Letters We Wish We'd Written Dept. -- Overreach

 

In today's Washington Post:

According to George F. Will’s July 4 op-ed, “From Barrett, a finger wag to executive overreach,” the “major questions doctrine,” as articulated by Justice Amy Coney Barrett in the student loan case, “has emerged organically from judicial reasoning about executive overreaching that is encouraged by Congress underperforming its duty to be clear.” But Mr. Will ignored that the doctrine substitutes extreme judicial overreach for purported executive branch excesses. The Supreme Court’s right-wing majority — including Justice Barrett — has yet to articulate any clear, objective standards for determining when a rule is “major” enough to trigger the intense judicial skepticism (if not outright result-orientation) the doctrine prescribes. Accordingly, it gives license to any five members of the court to jettison any environmental, public health or consumer protection regulations with which they disagree simply by declaring them “major” and then saying that Congress did not speak with ideal specificity — even when the plain language of a statute encompasses the executive branch action.

At least when the executive allegedly overreaches in implementing a law, there is a fundamental check and balance built into the constitutional framework: elections. But when the life-tenured, unelected members of the Supreme Court do so, it is well nigh impossible for corrective action to be taken — especially in view of the congressional dysfunction to which Mr. Will alluded. Far from restoring “constitutional equilibrium” (as Mr.

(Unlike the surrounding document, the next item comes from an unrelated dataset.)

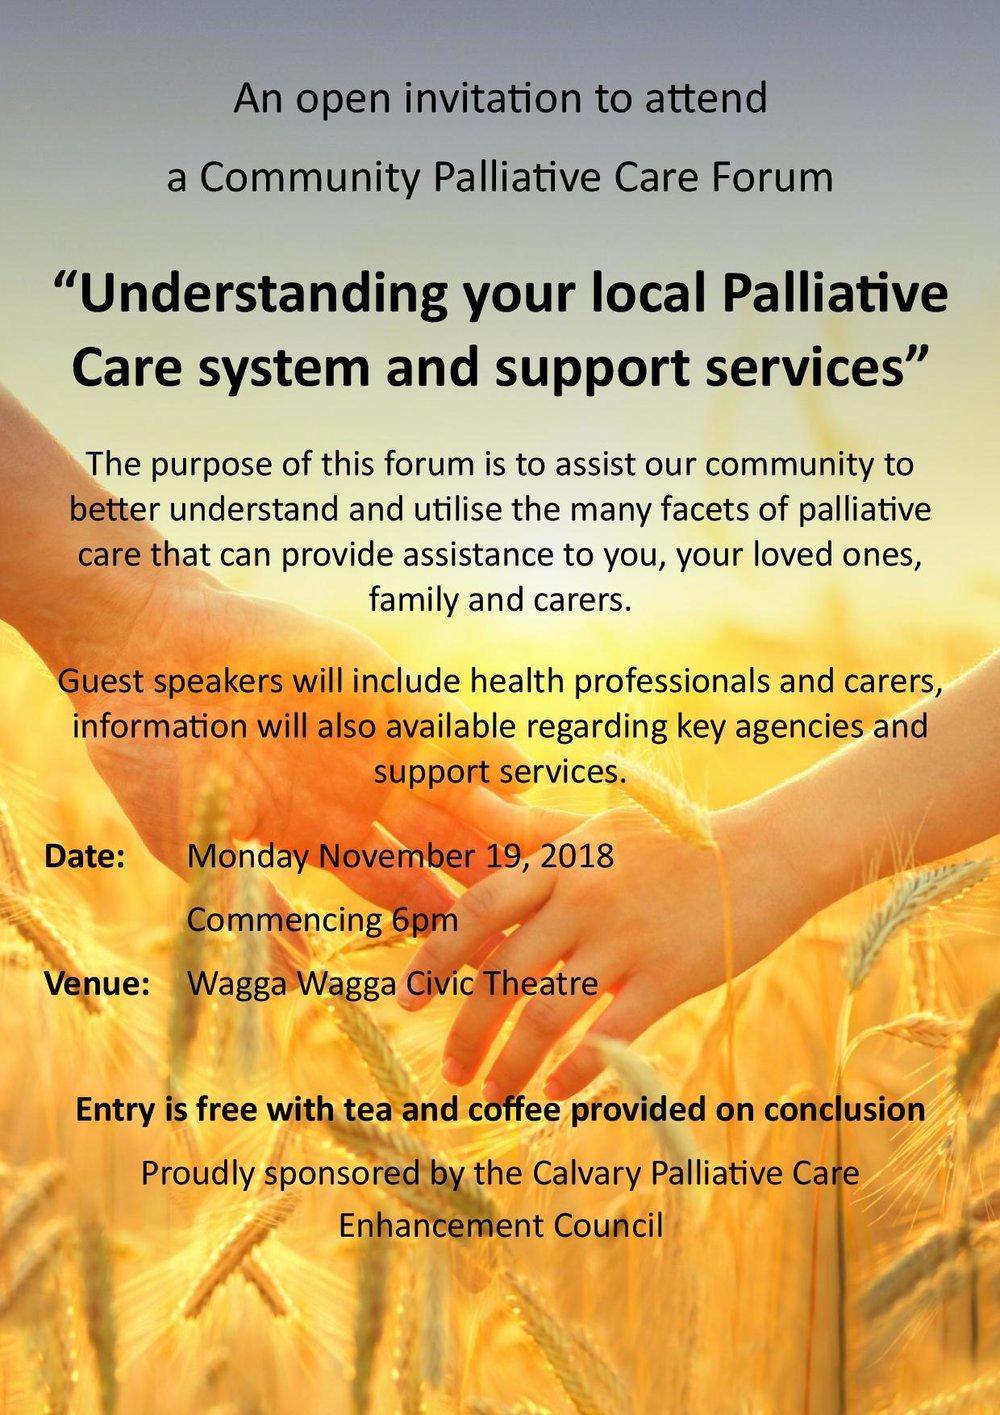 Palliative Care Forum Flyer 2018.jpg

Will asserted), the major questions doctrine seriously subverts that balance by giving the least representative branch of government extraordinary power to dictate (or nullify) public policy.

Eric Glitzenstein, Washington

 

The Republican Supreme Court's rulings since the hurried installation of Amy Coney Barrett on the Court prior to the 2020 election have flowed from a desire, as some have put it, to overturn the 20th Century.  To the Republican supermajority, there's no such thing as precedent to stand in their way, and no such thing as establishing "standing" when it comes to accepting a case.  To paraphrase the letter writer, the least representative branch of government has extraordinary power to dictate or nullify public policy -- to which we would add "public policy that is often supported by the majority of Americans."  

We hope and believe the backlash to this rogue, radical Republican court will manifest itself in the 2024 election.  There are early signs that one cohort in particular -- young voters -- are being energized by recent Republican Supreme Court decisions and intend to take it out on Republican candidates next year.  We already know the Dobbs decision backlash helped Democrats in the 2022 off- year elections. That decision, stripping women of their reproductive freedom, was just the start of the damage the Republican Supreme Court has done to our country.  As injury piles on injury, the motivation grows to boot the radicals from office so we can have true, necessary reform of the Republican Supreme Court.